START GIVEN INFORMATION

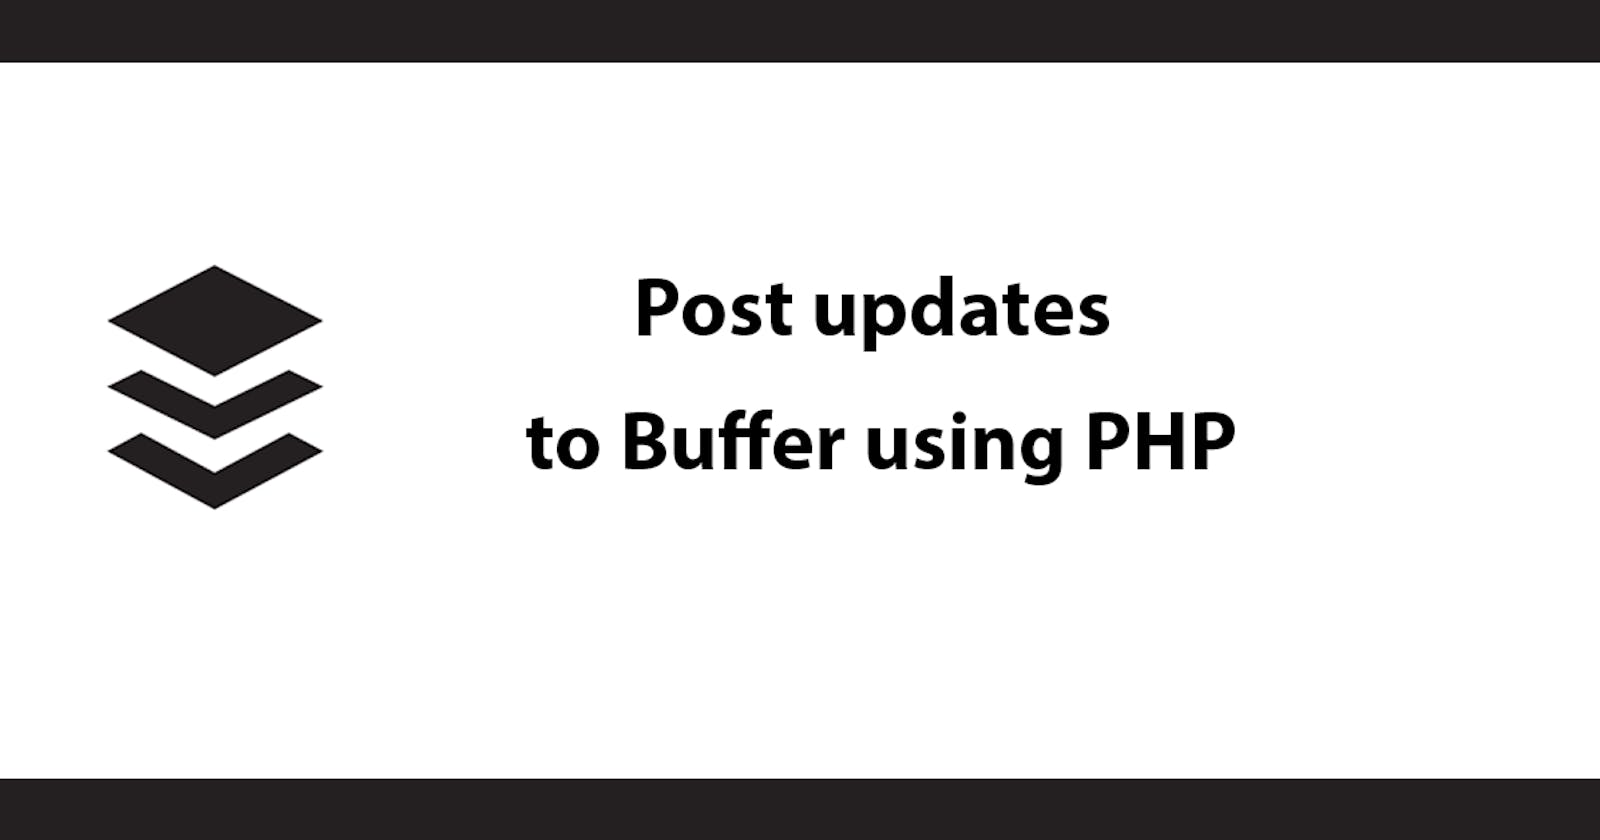 Post updates to Buffer using PHP
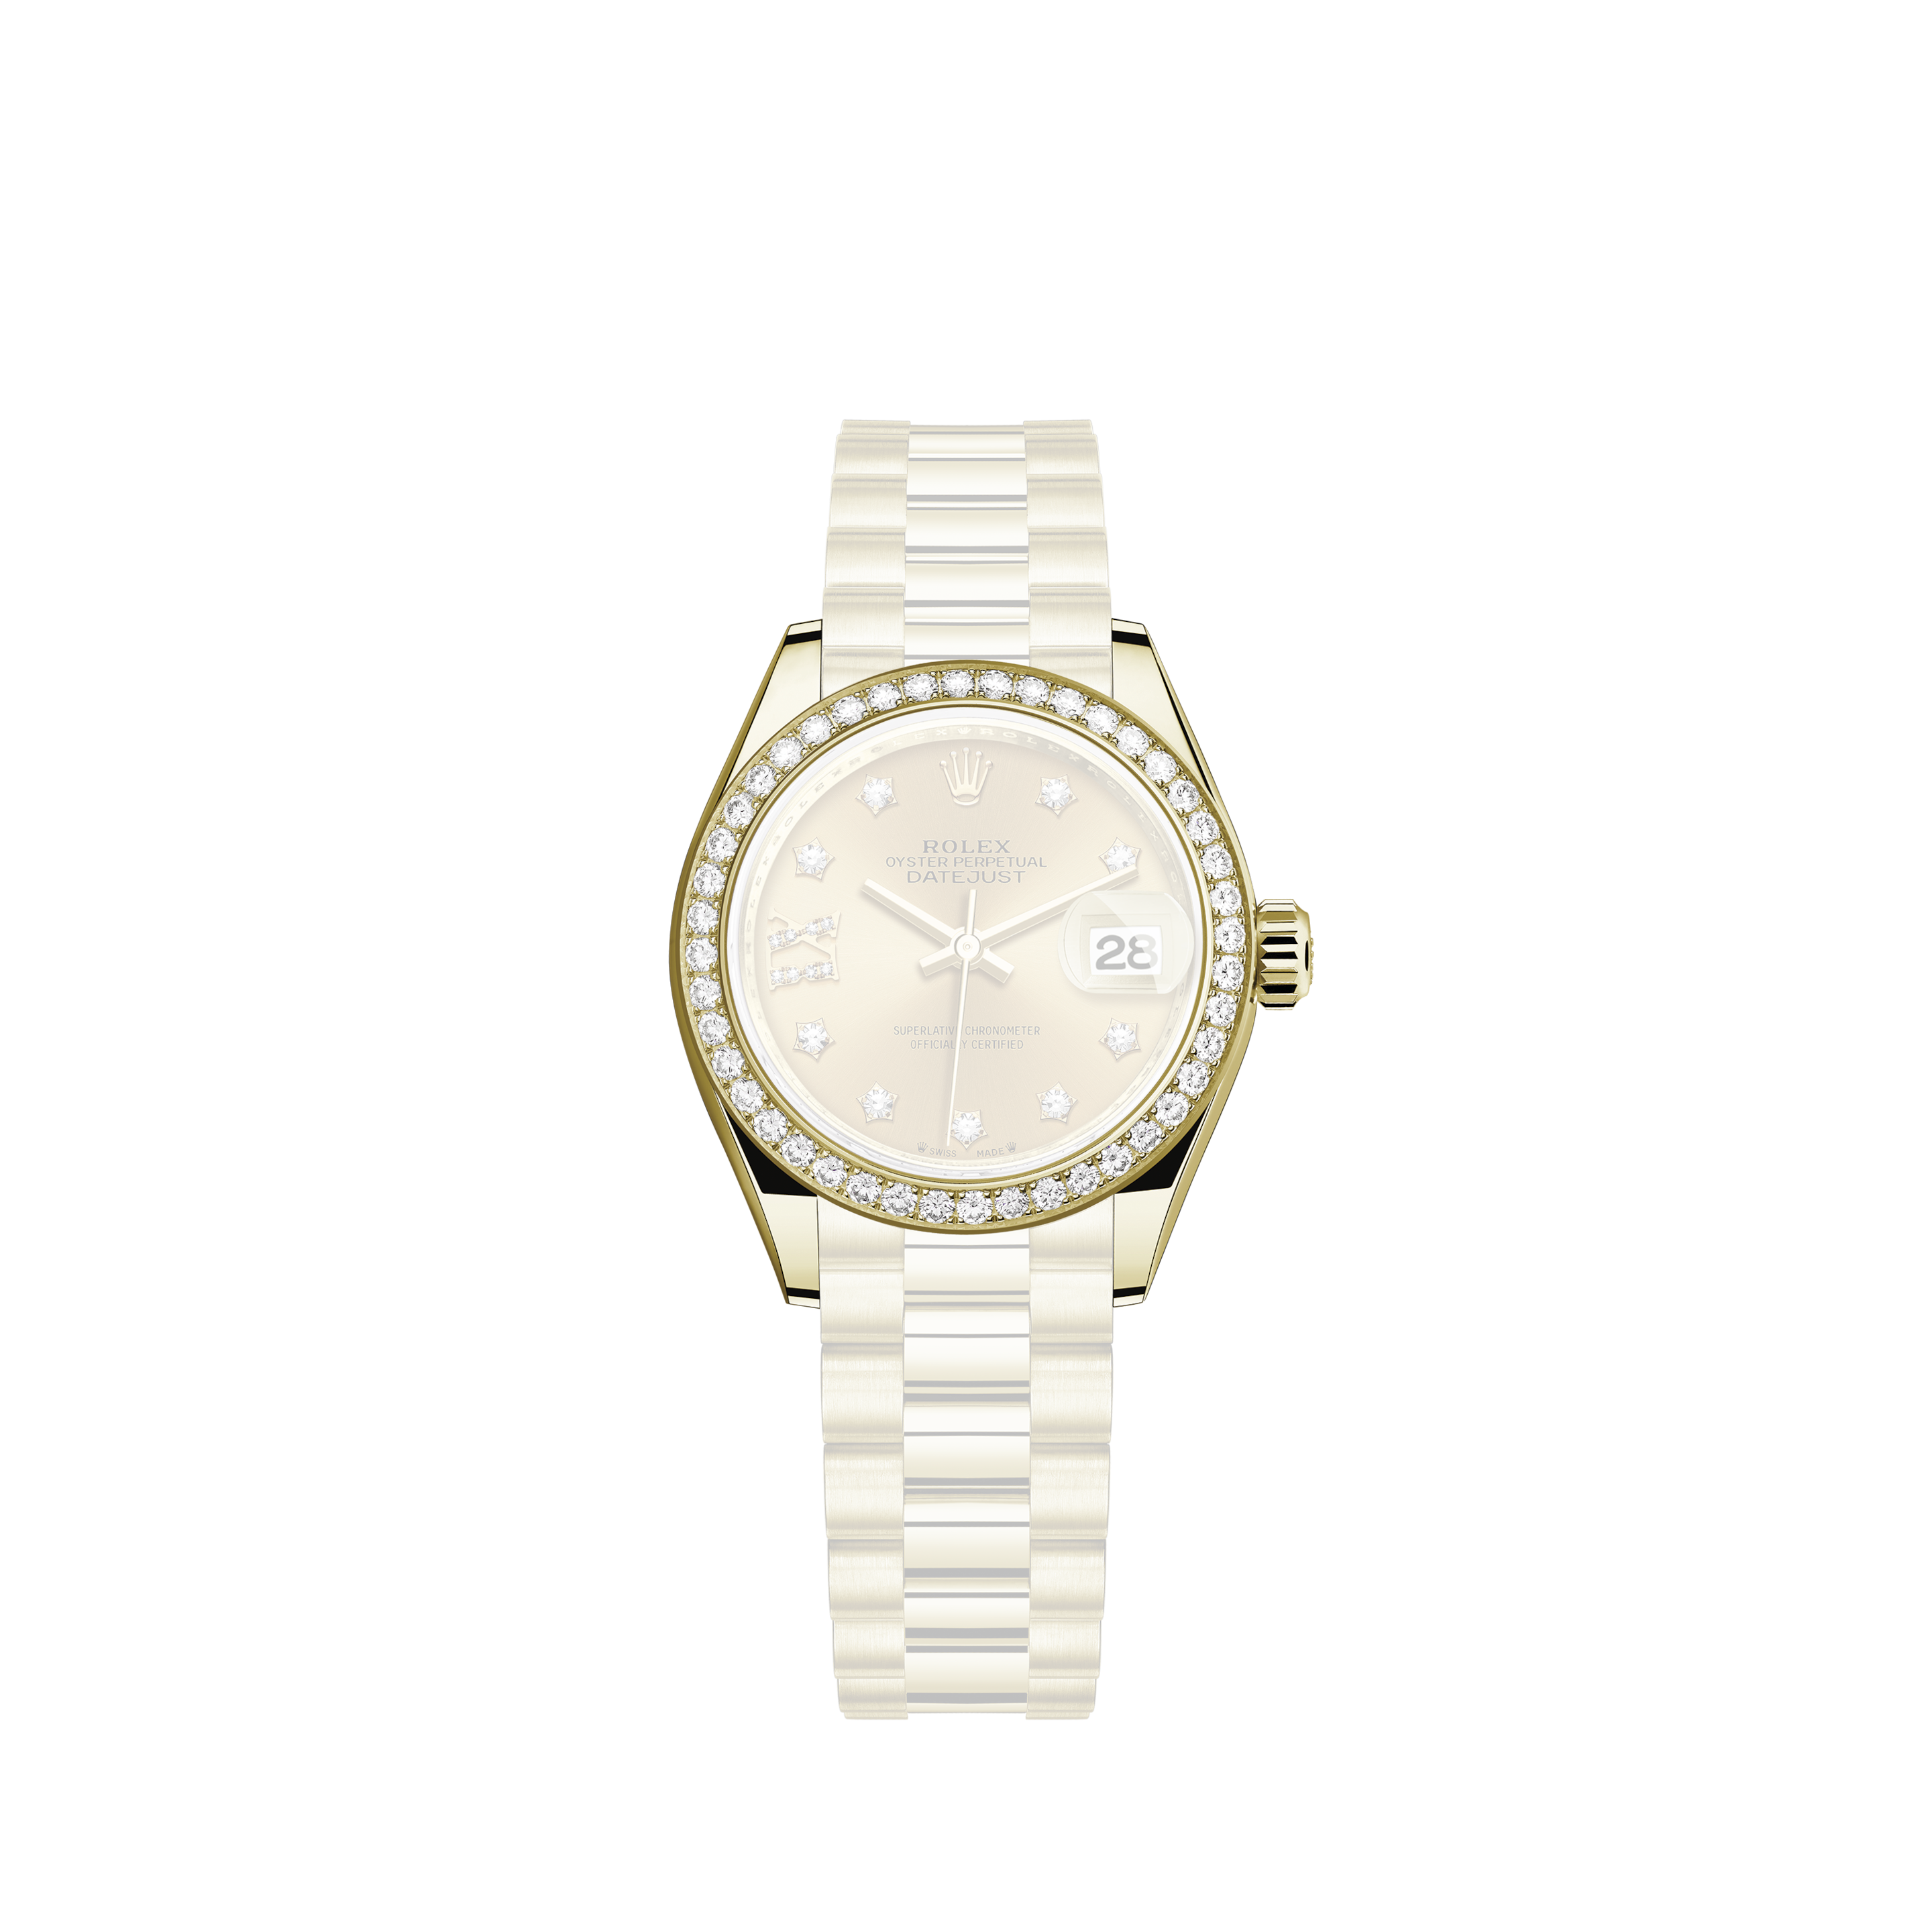 Rolex Women's New Style Steel Datejust with Custom White Diamond DialRolex Women's New Style Two-Tone Datejust with Custom Black Diamond Dial
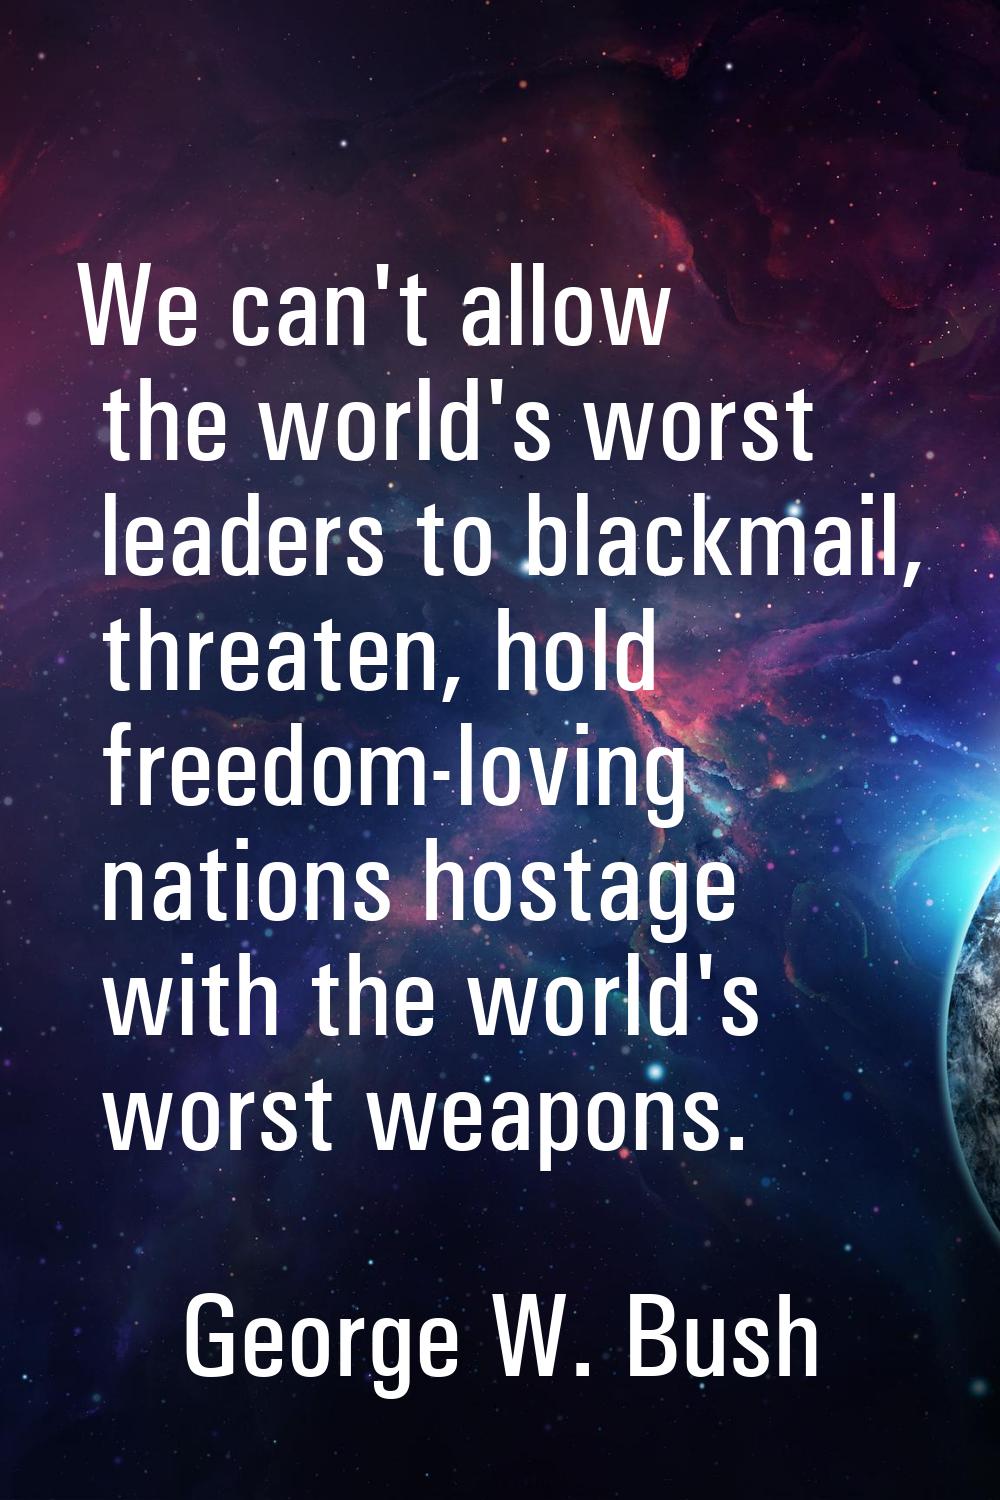 We can't allow the world's worst leaders to blackmail, threaten, hold freedom-loving nations hostag
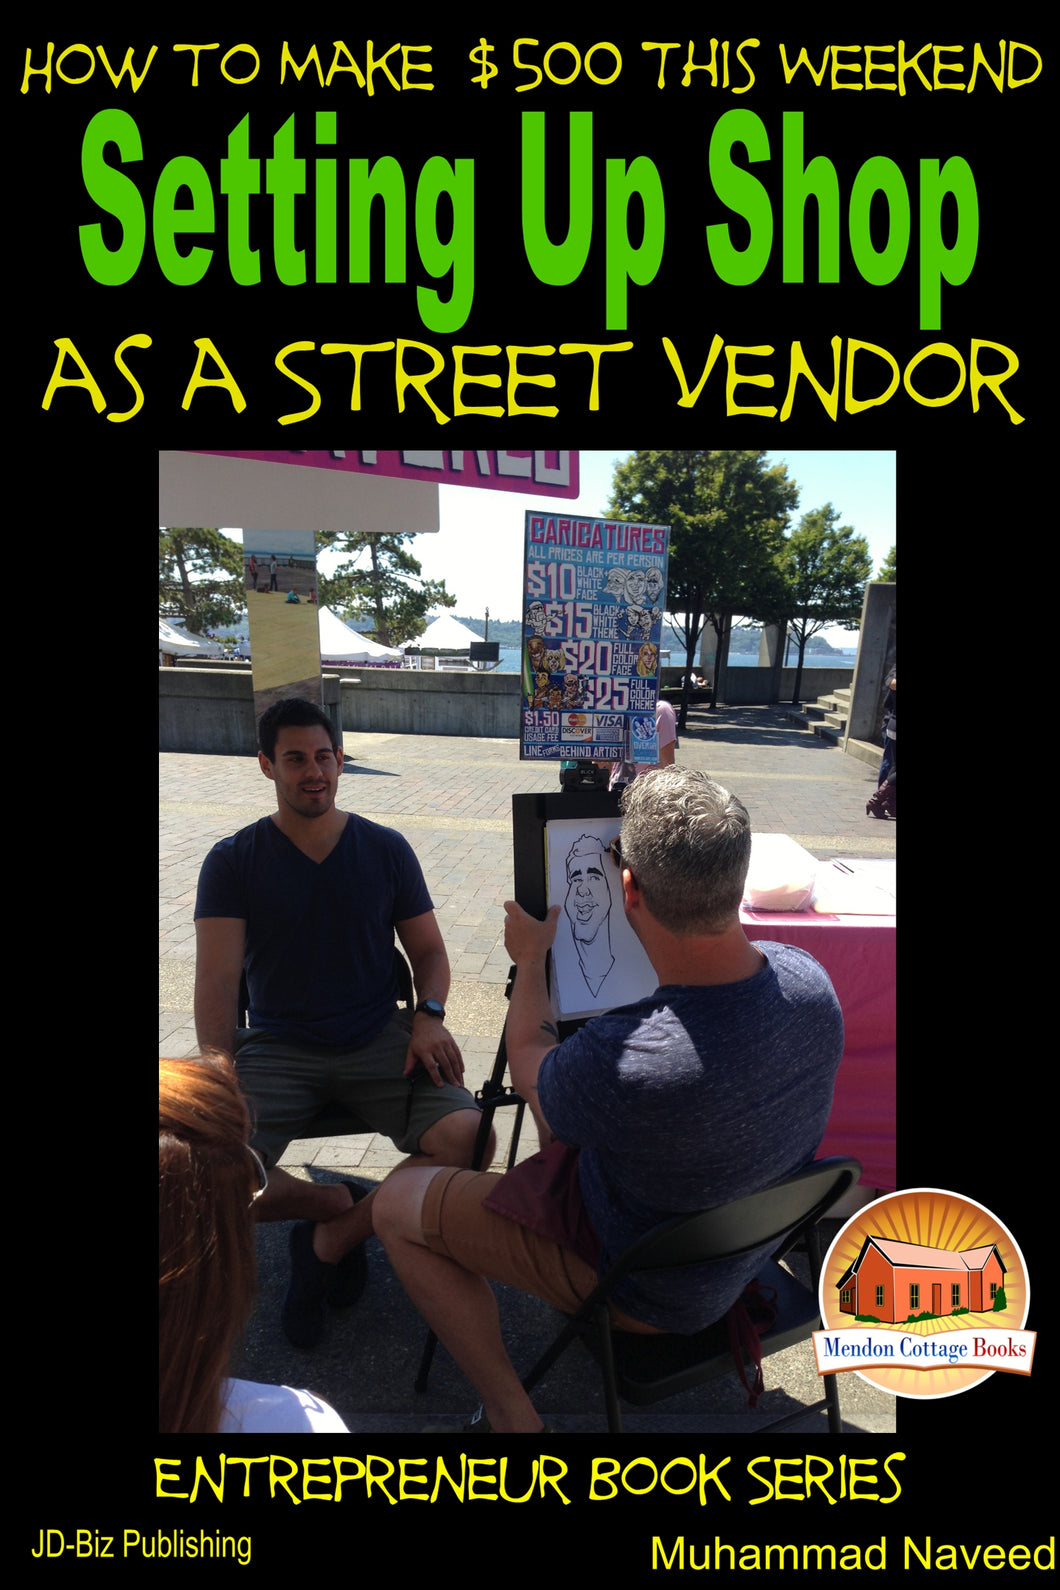 Make Money With Art - How to Make $500 This Weekend - Setting Up Shop as a Street Vendor
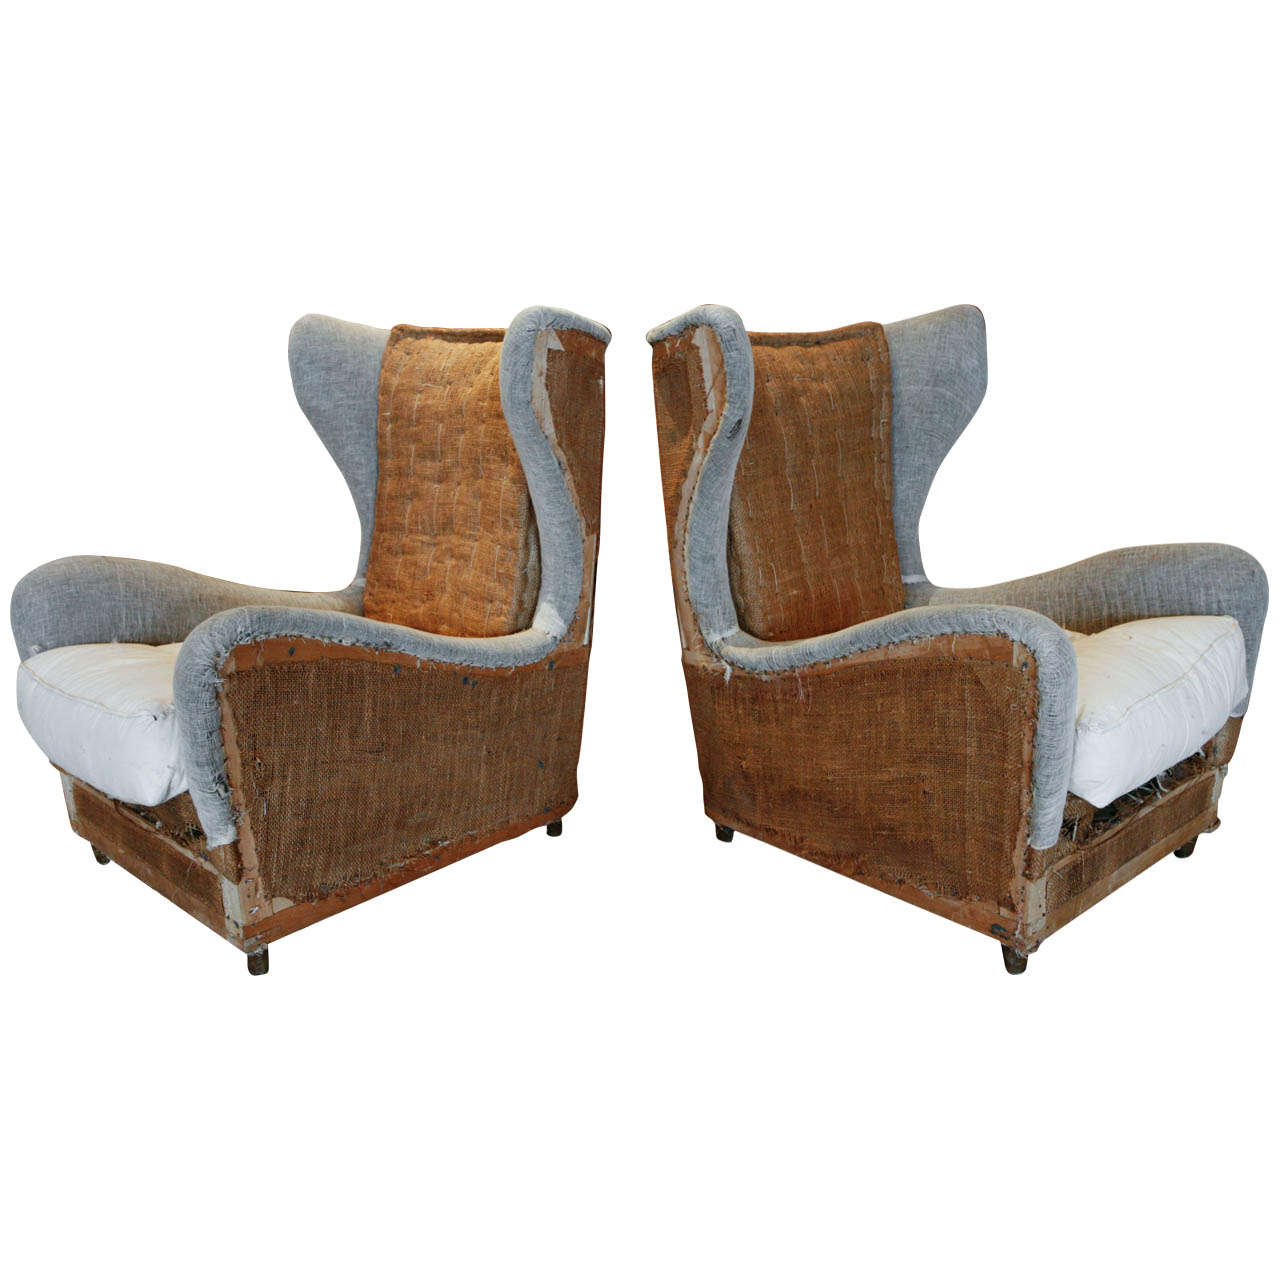 A Pair Of French Wingback Chairs, Late 19th Century

END GIVEN INFORMATION

-- PROBLEM STATEMENT --
Up to and including the line that contains "We can't allow", print the records above exactly from their first line, without any pictures.

-- REPLY TO THE TASK --
 Post updates to Buffer using PHP
 Rolex Women's New Style Steel Datejust with Custom White Diamond DialRolex Women's New Style Two-Tone Datejust with Custom Black Diamond Dial
 We can't allow the world's worst leaders to blackmail, threaten, hold freedom-loving nations hostag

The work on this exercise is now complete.